-- DATA BELOW follows --

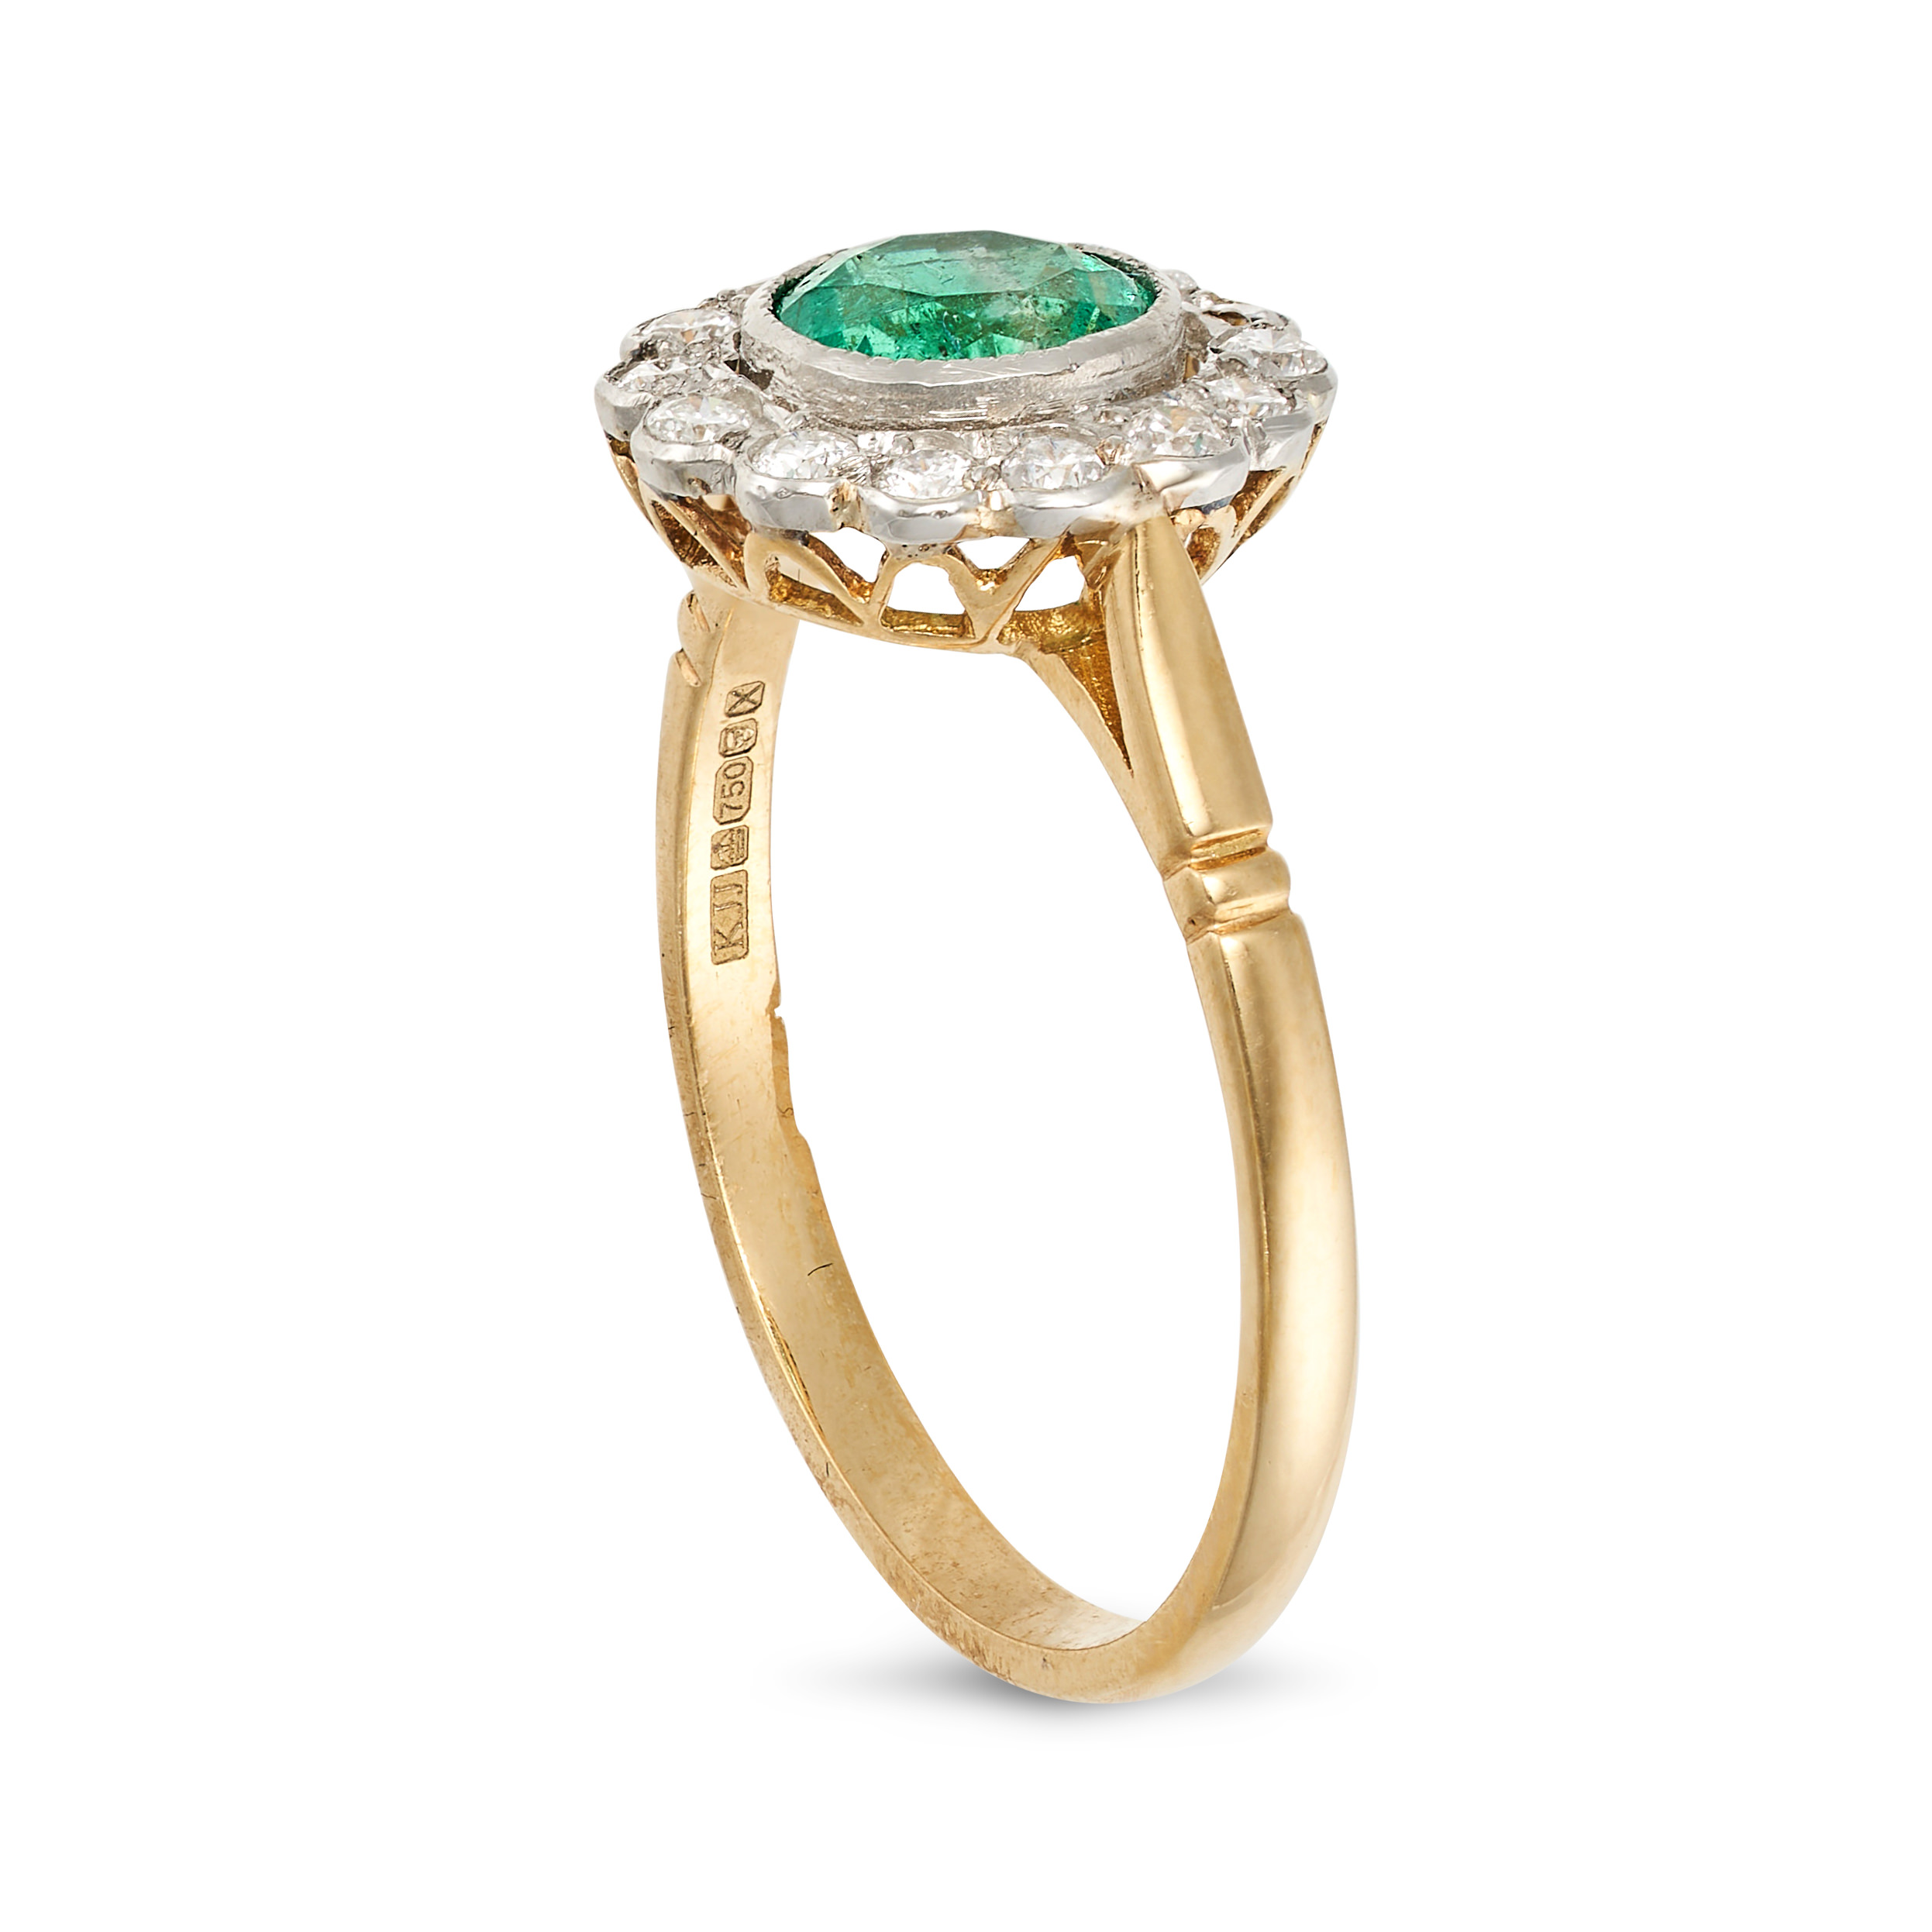 NO RESERVE - AN EMERALD AND DIAMOND CLUSTER RING in 18ct yellow and white gold, set with a round ... - Image 2 of 2
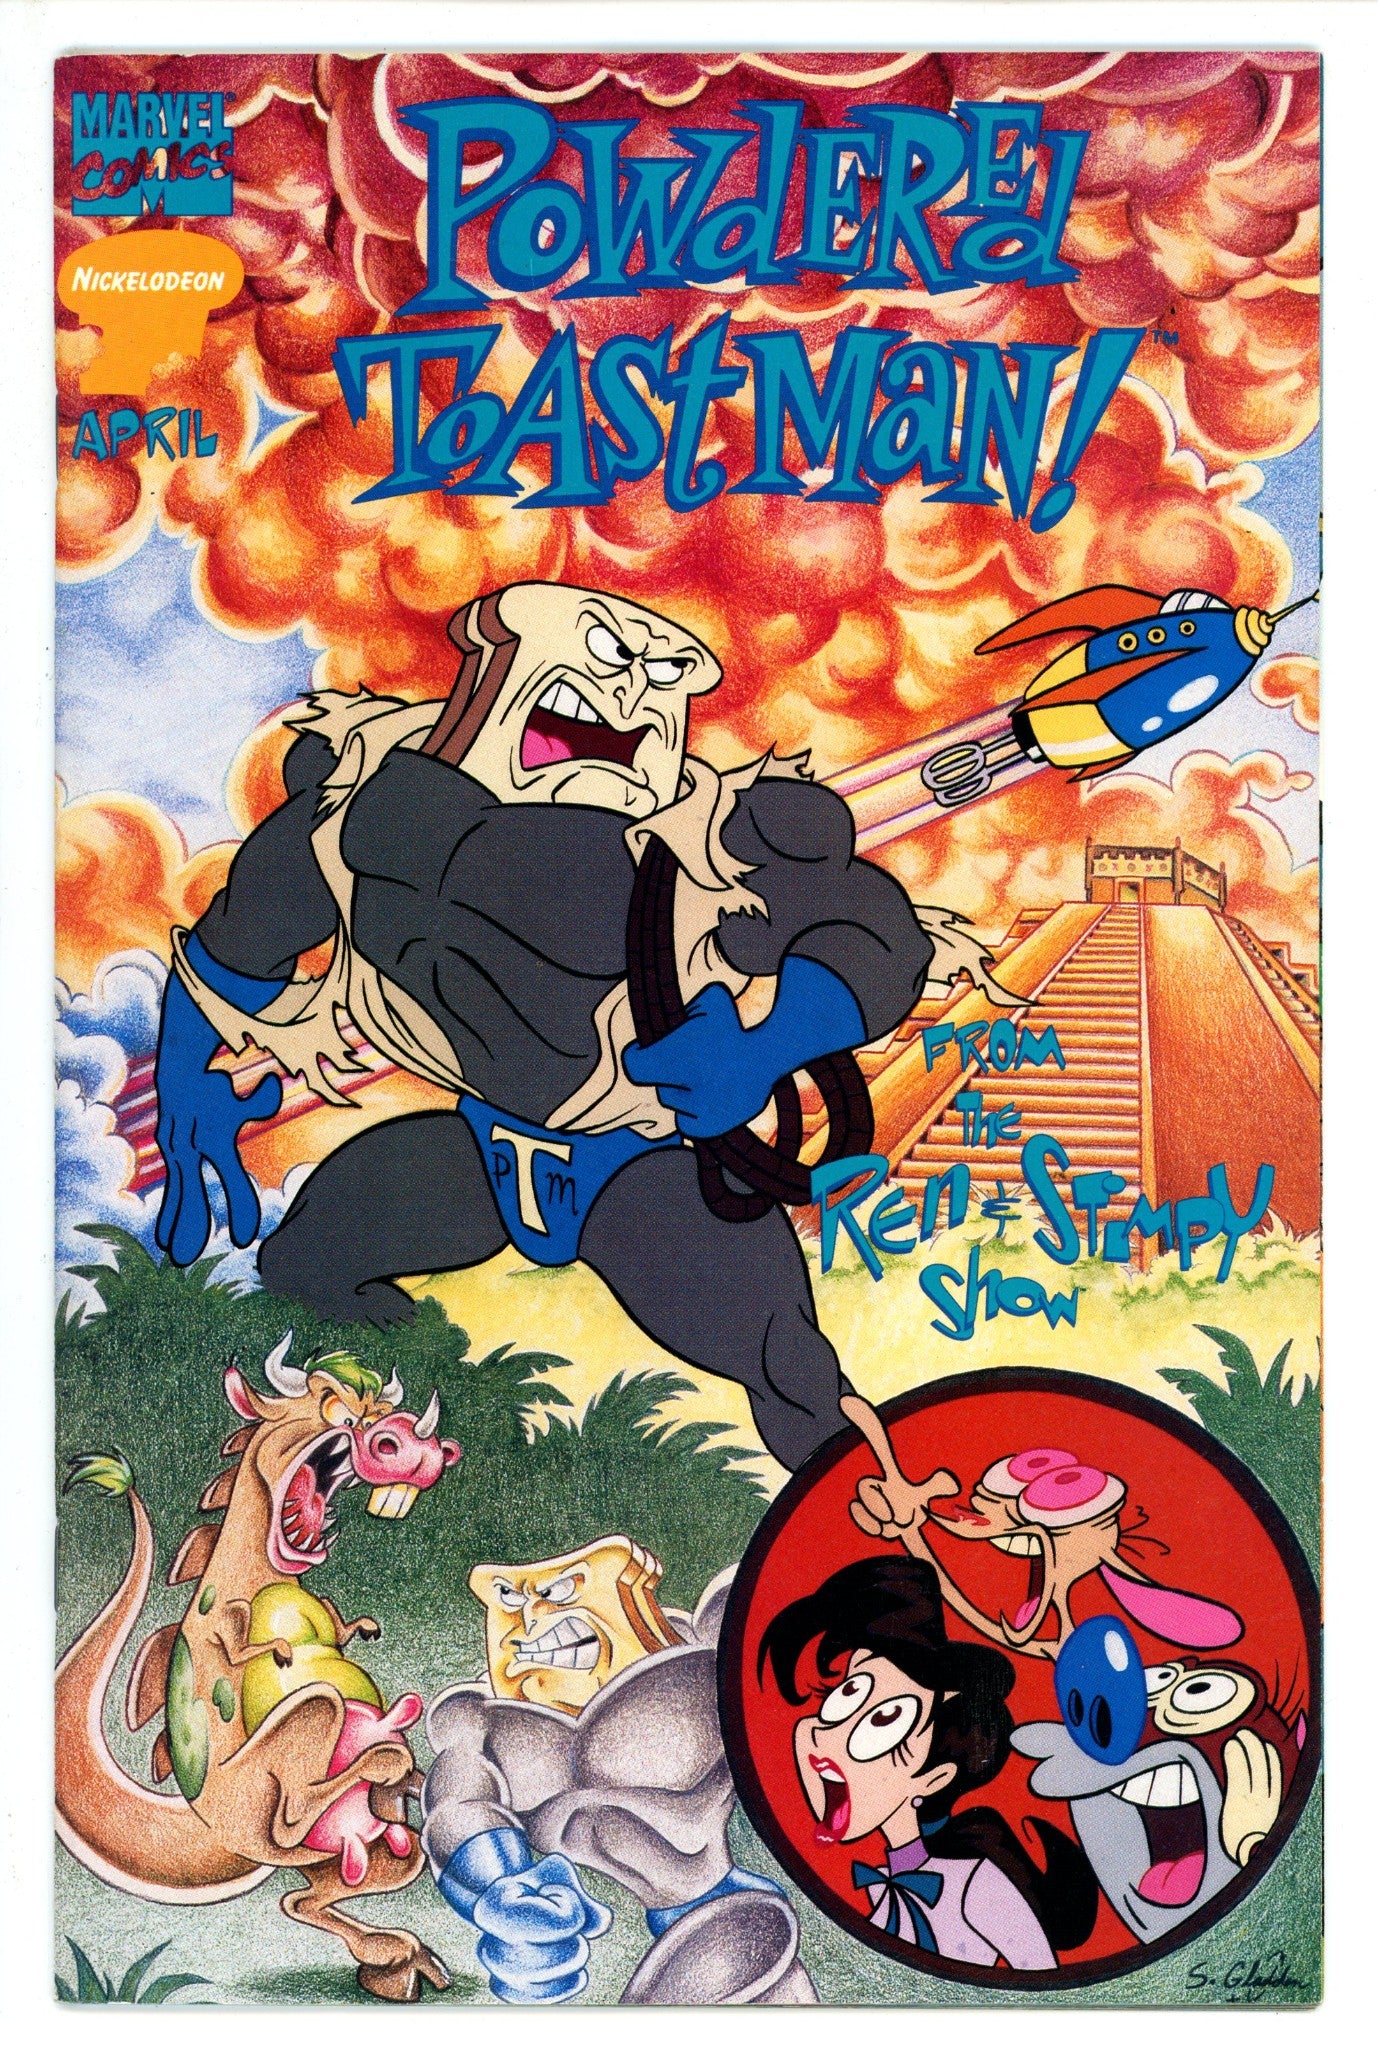 The Ren & Stimpy Show Special: Powdered Toastman's Cereal Serial [nn] Newsstand VF+ (1995)
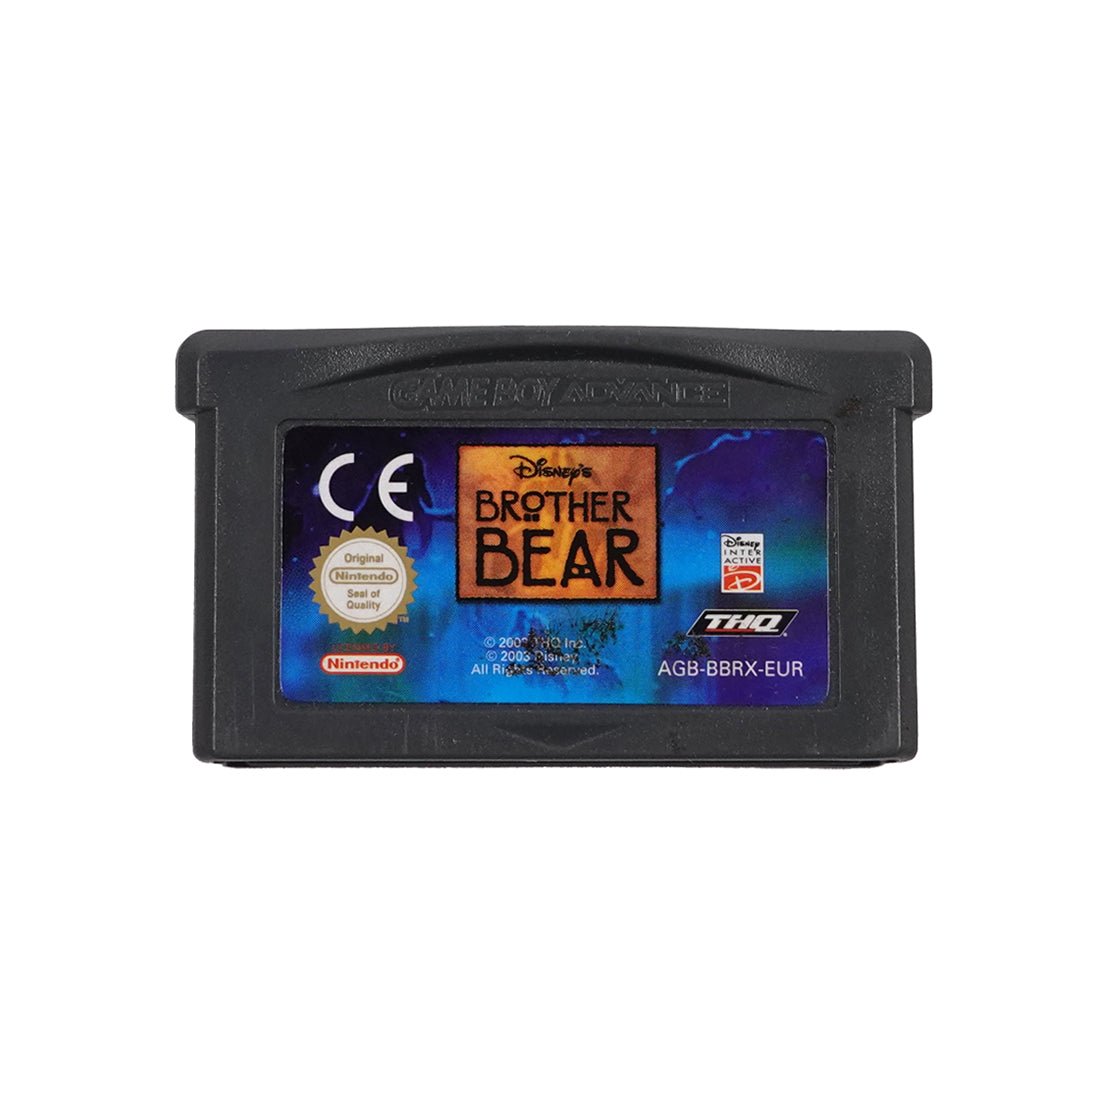 (Pre-Owned) Brother Bear - Gameboy Advance - Store 974 | ستور ٩٧٤
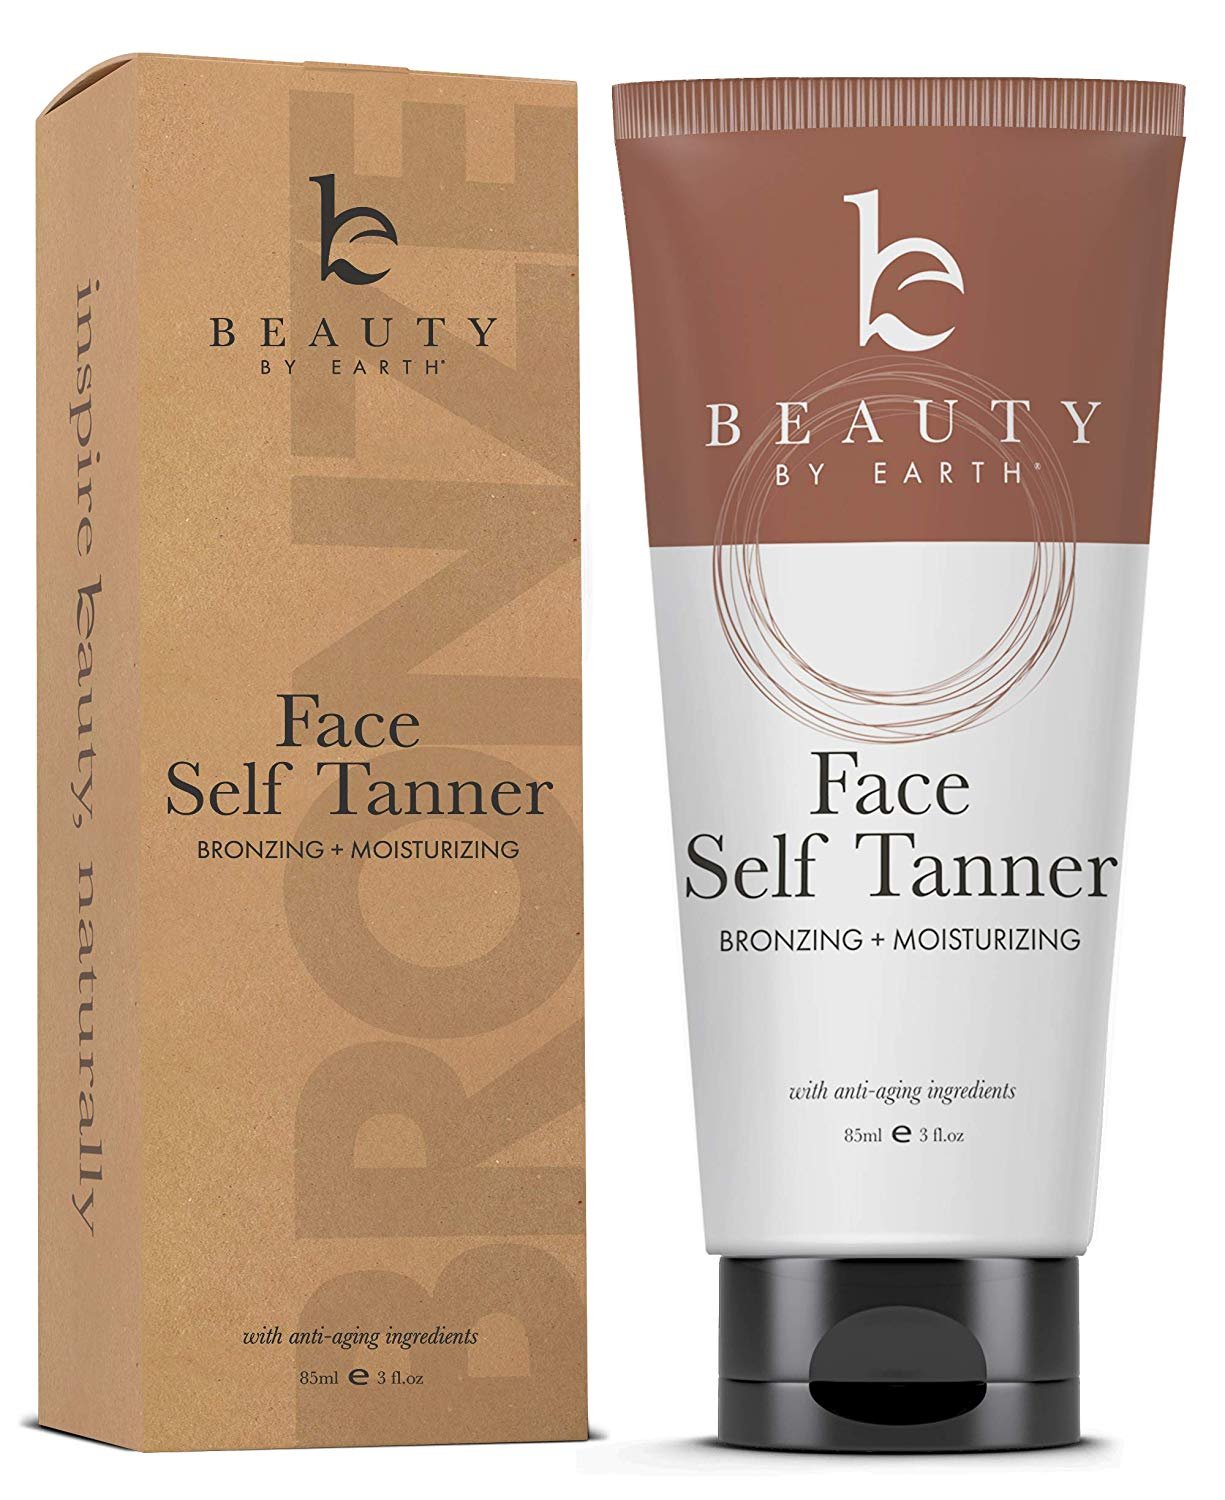 Beauty by Earth Self Tanner for Face with Organic & Natural Ingredients, Sunless Fake Tanning Lotion Fair to Medium - image 1 of 4

-- DATA BELOW concluded --

WORK INSTRUCTION: Write out only the lines from the line containing "(Pre-Owned) Brother Bear" through the end of the material above, both end lines included. Pictures are not written out.

OUTPUT FOR THIS TASK:
 (Pre-Owned) Brother Bear - Gameboy Advance - Store 974 | ستور ٩٧٤
 Beauty by Earth Self Tanner for Face with Organic & Natural Ingredients, Sunless Fake Tanning Lotion Fair to Medium - image 1 of 4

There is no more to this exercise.